Combining everything I learned from this user insights and the analysis of the competitor market, I synthesized the project goals and considerations.

User Goals

  • Learn more about taking care of houseplants

  • Enjoy the aesthetics of houseplants without the responsibility

  • Enjoy a mobile game that gives them a feeling of productivity and satisfaction

  • Explore AR technology

Business Goals

  • Create a fun and rewarding mobile game that delivers high player satisfaction

  • Effectively utilize AR

  • Combine gardening sim mechanics with AR tech for a unique, engaging experience

  • Gain and retain users

  • Implement a non-exploitative profit model

Technical Considerations

  • AR is still new, image and object recognition can be glitchy

  • AR is much more advanced on IOS than it is on Android

  • Mobile game has to built for various sized phone screens

  • Can utilize Lightship SDK to access location information

Common Project Goals

Learn/teach about plant care

A fun, engaging and satisfying mobile game

Implement an effective use of AR

Drive investment and retention of users


One of the more surprising insights to come from user research was about people's relationships with houseplants. The positives they identified from collecting and growing plants were very similar to the positives of collecting and progressing digital items in a game. However, people are scared of killing their houseplants, and are intimidated by challenge of learning to care for them.

With this in mind, I developed an idea that serves the duel purpose of entertainment and education for users.

The Idea - Invisible Garden

What is it?

Invisible Garden is an augmented reality gamer about collecting invisible plants and learning how to make them grow.

How will players collect plants?

Using their camera, players will scan real plants in their environment.

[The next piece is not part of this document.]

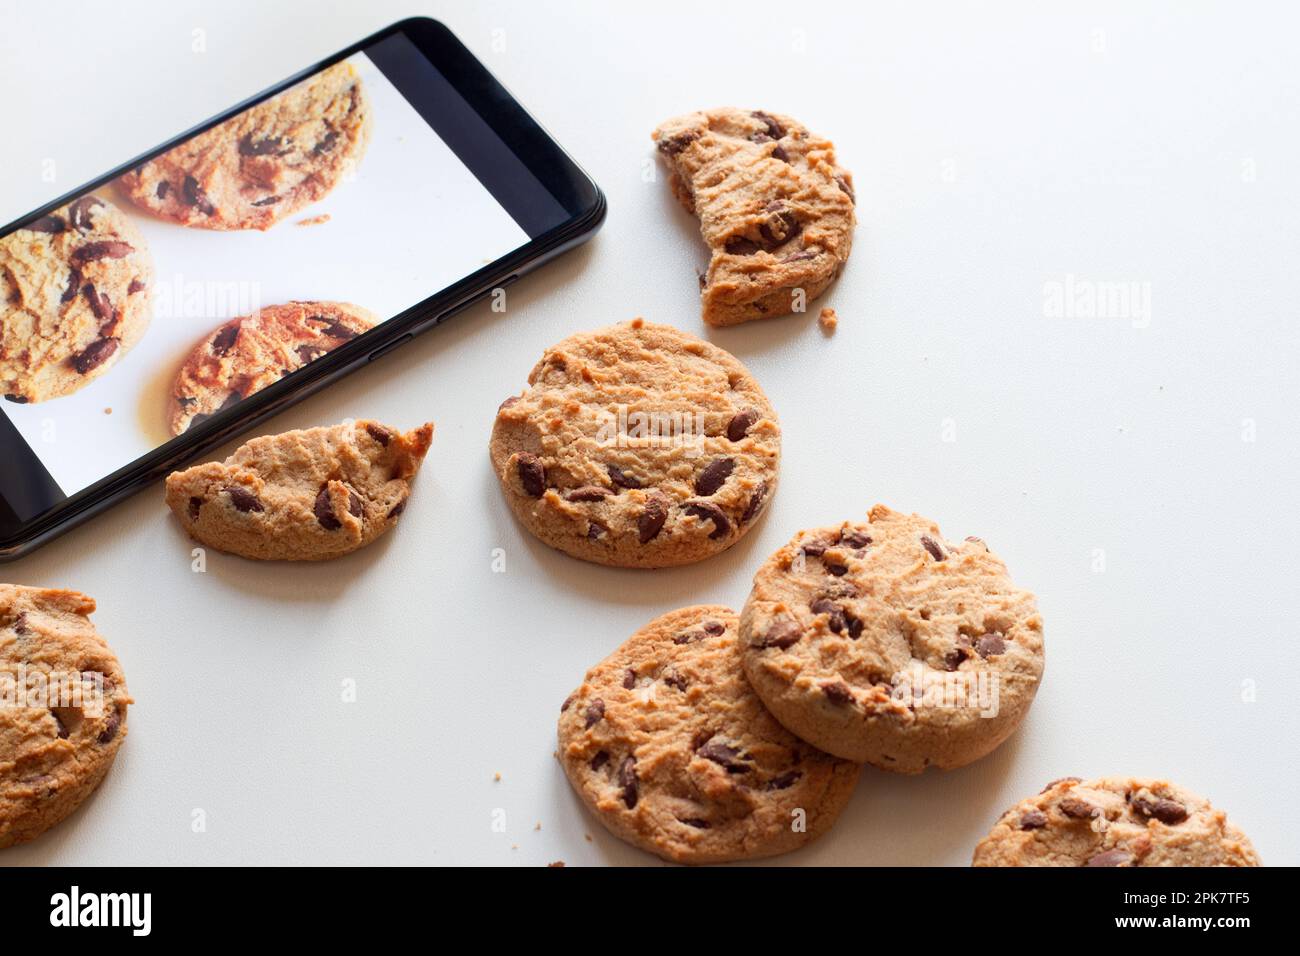 Pop-up cookies from smartphone concept Stock Photo

The app will identify the plant, then allowing the player to take a digital clipping and grow it themselves. 

How will they learn to take care of them?

The "Garden Log" will keep a living archive of plants the player has collected or identified. This log will have real world instructions for care, reflected by in-game tasks and quests.

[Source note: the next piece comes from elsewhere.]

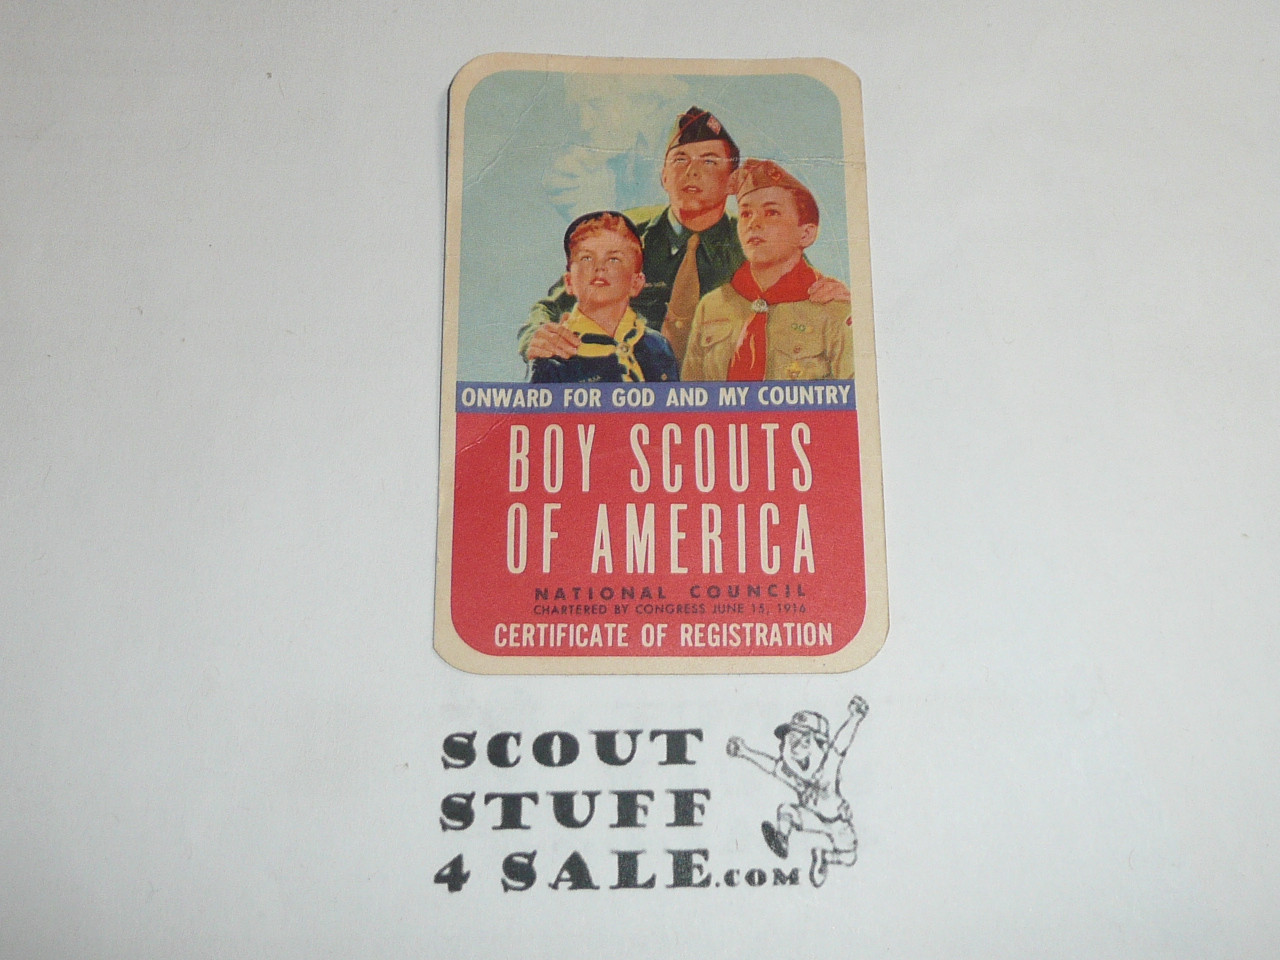 1958 Explorer Scout Membership Card, 2 signatures, buyer to receive a card expiring ranging from 1958 of this style, BSMC93

How will the game meaningfully utilize AR?

Augmented Reality will be integrated into both the core mechanics, as well as the concept -- that there is an invisible world of plants the player can collect. In order to grow these digital plants, players will have to "Conjure" them by drawing a symbol. This task combines environmental AR with a tactile on-screen interaction.

How will the game retain users?

Players will stay engaged with a mixture of short term and long term goals. They will log in for daily quests, work towards bigger quests, and earn XP to unlock more and cooler things.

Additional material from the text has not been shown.